DATA PROVIDED:
╔══

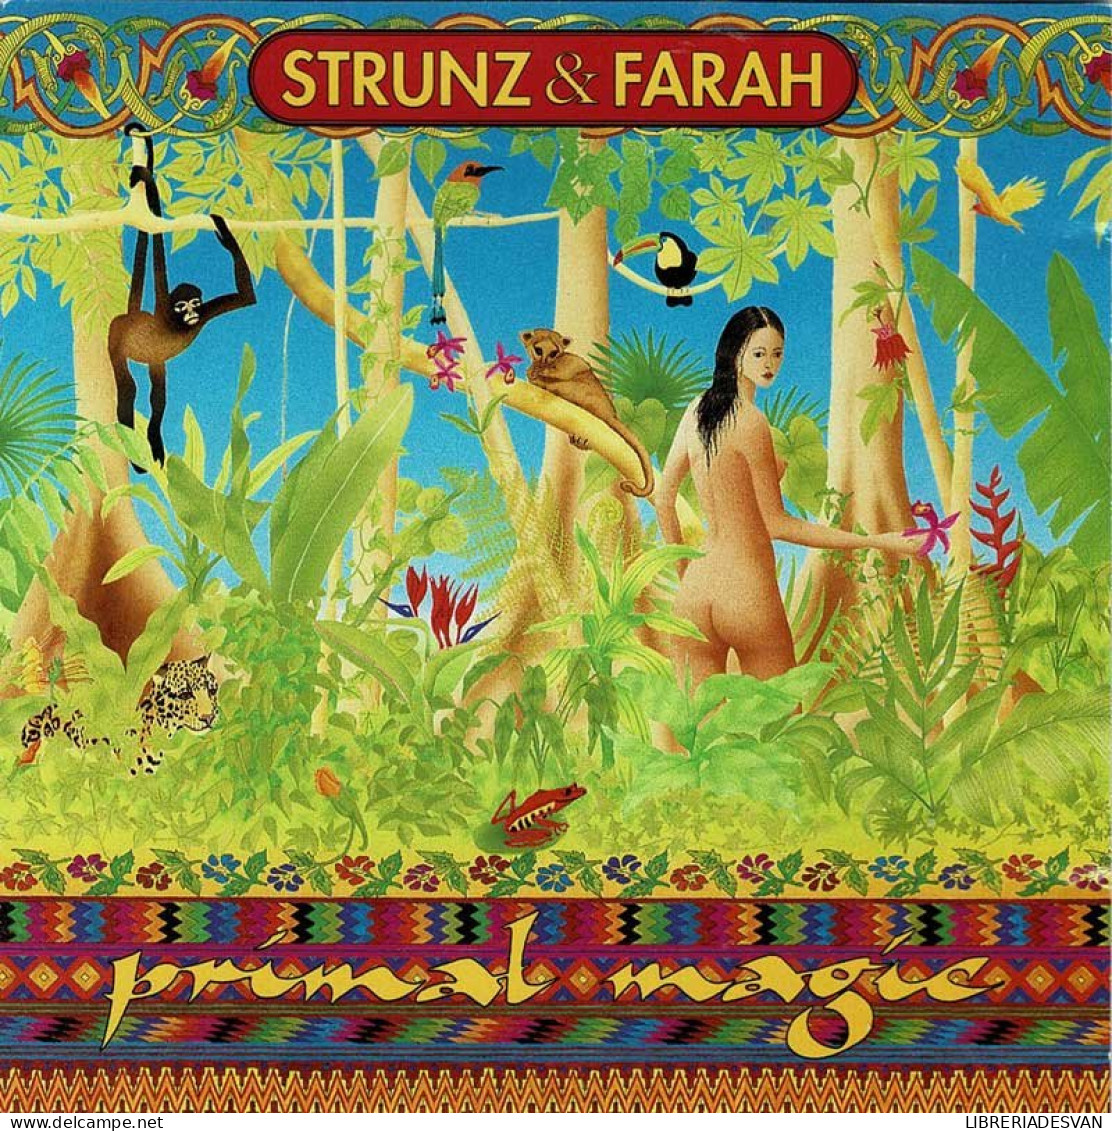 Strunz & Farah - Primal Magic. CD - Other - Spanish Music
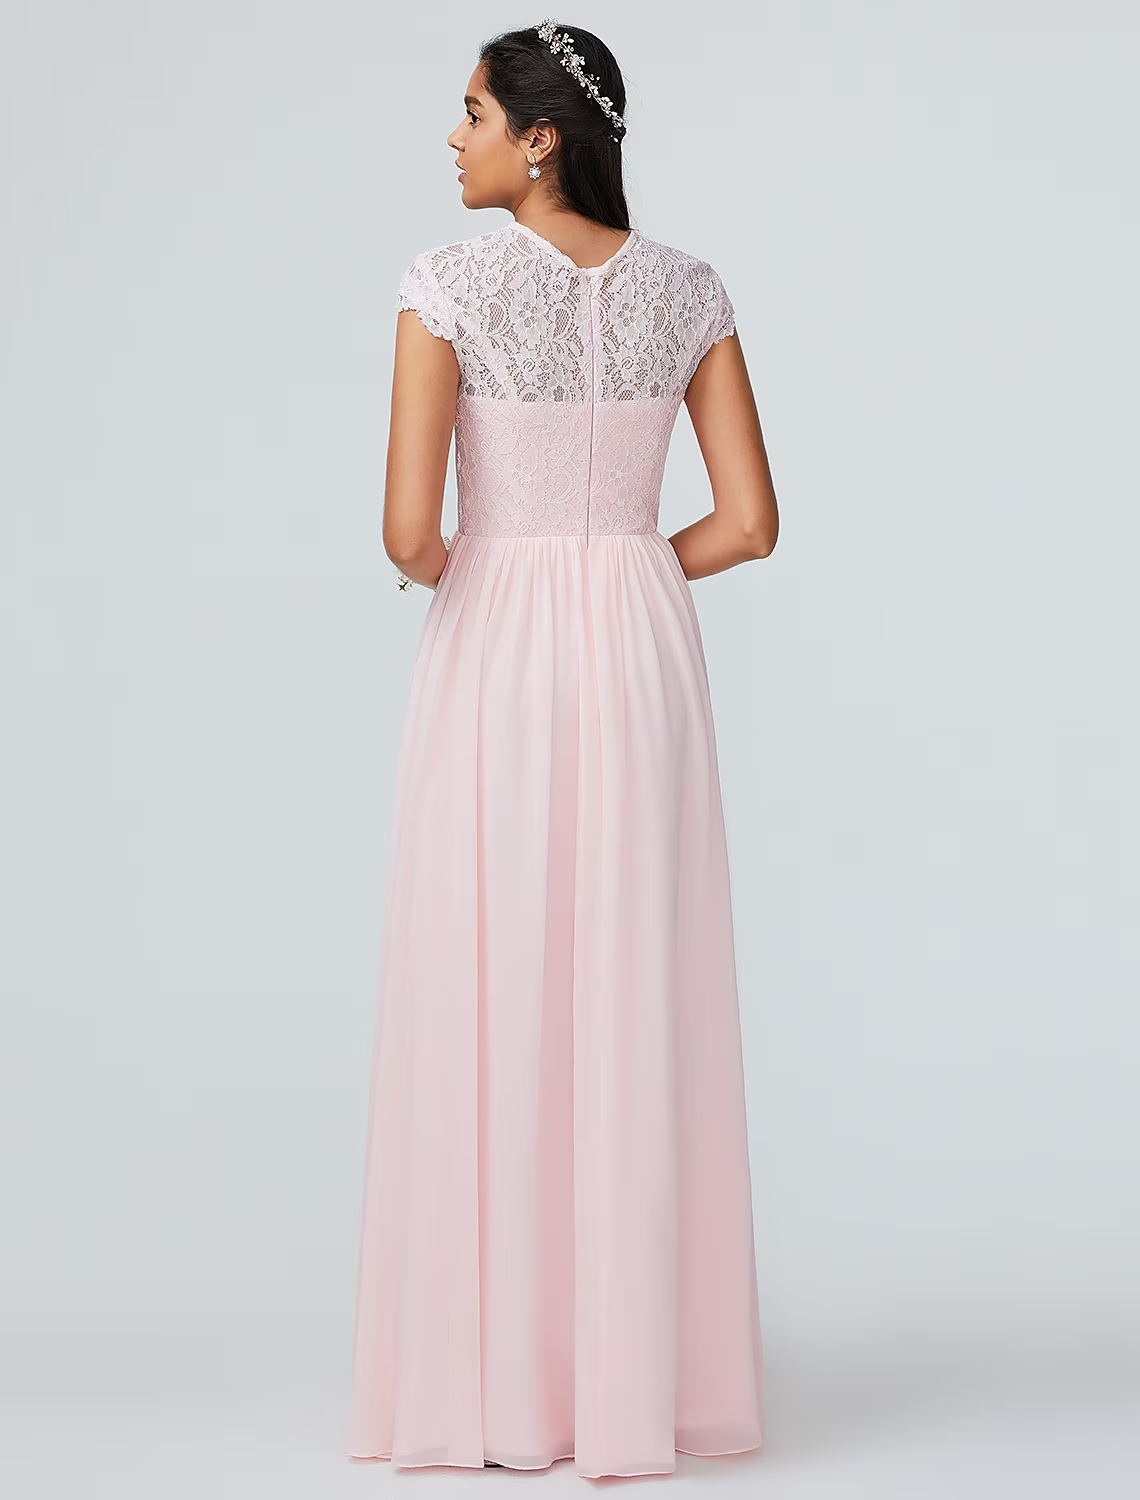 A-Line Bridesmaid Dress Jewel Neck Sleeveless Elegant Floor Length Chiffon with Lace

╚══
╔══

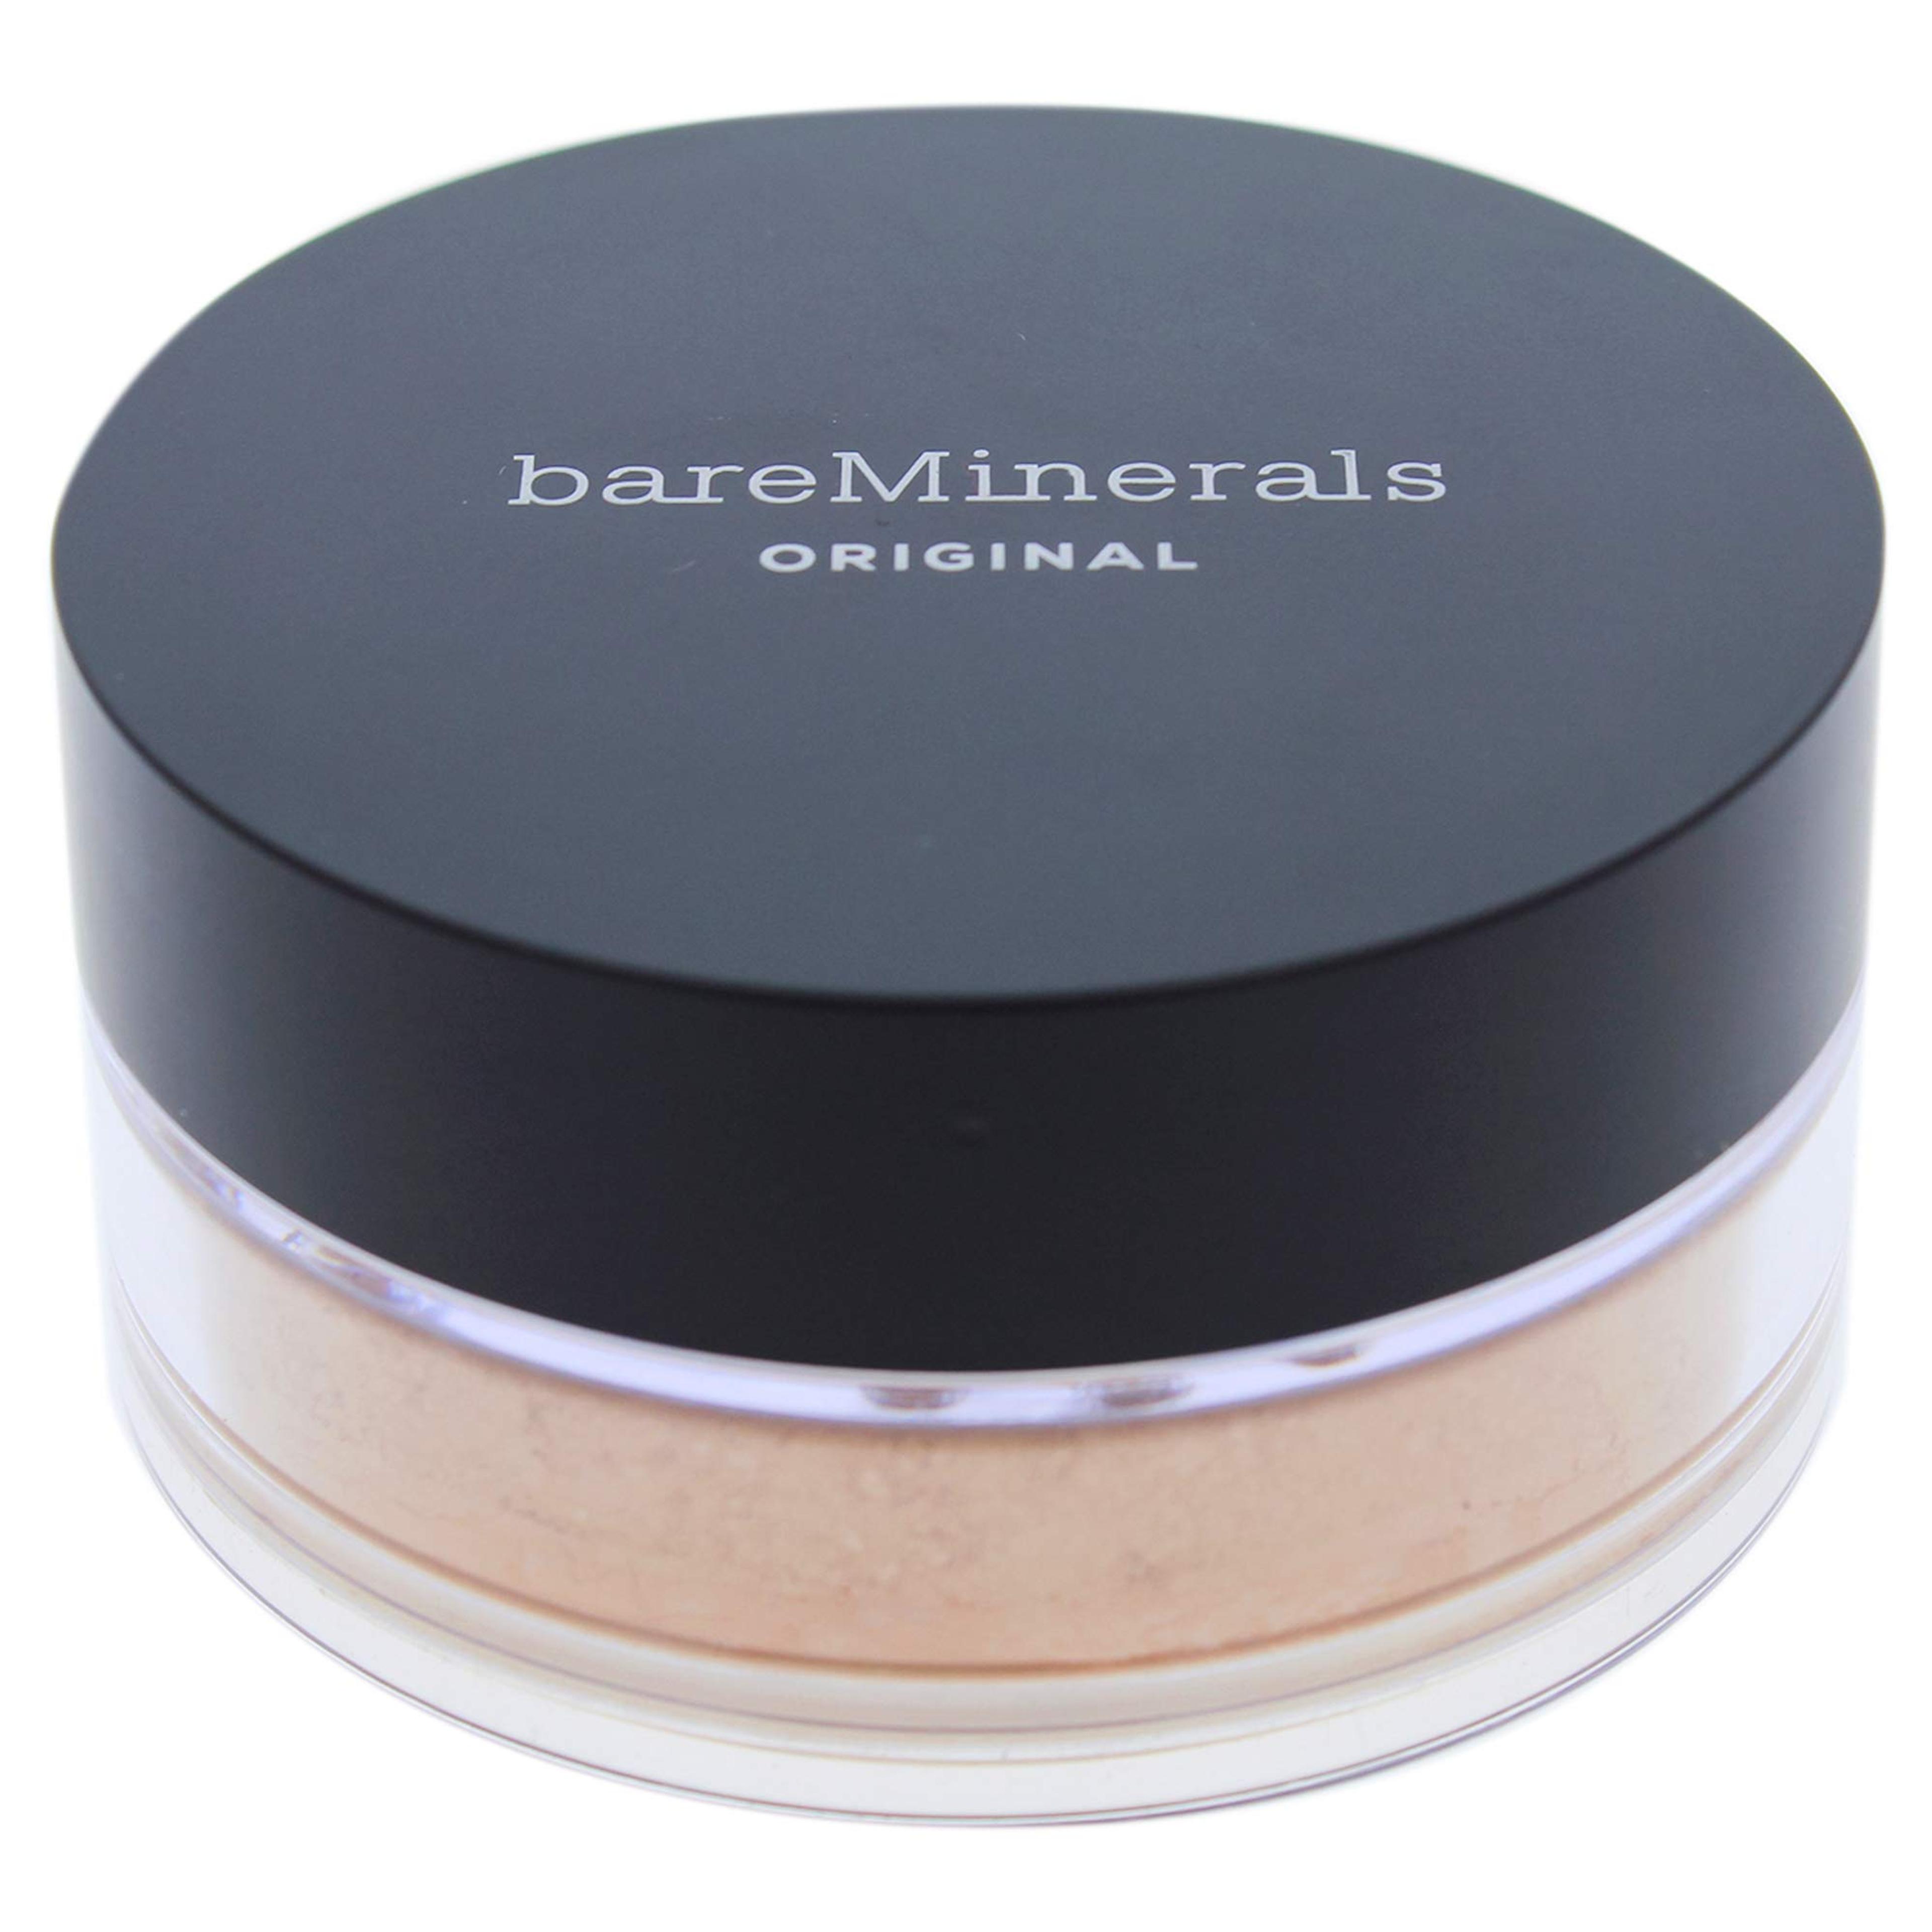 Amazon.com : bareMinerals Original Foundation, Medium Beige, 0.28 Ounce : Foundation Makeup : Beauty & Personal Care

╚══

WORK INSTRUCTIONS: Pictures are to be left out. Write out only the lines above starting at the one with "Strunz & Farah" and ending at the one with "A-Line Bridesmaid Dress", both lines included, exactly.

EXPECTED OUTPUT:
 Strunz & Farah - Primal Magic. CD - Other - Spanish Music
 A-Line Bridesmaid Dress Jewel Neck Sleeveless Elegant Floor Length Chiffon with Lace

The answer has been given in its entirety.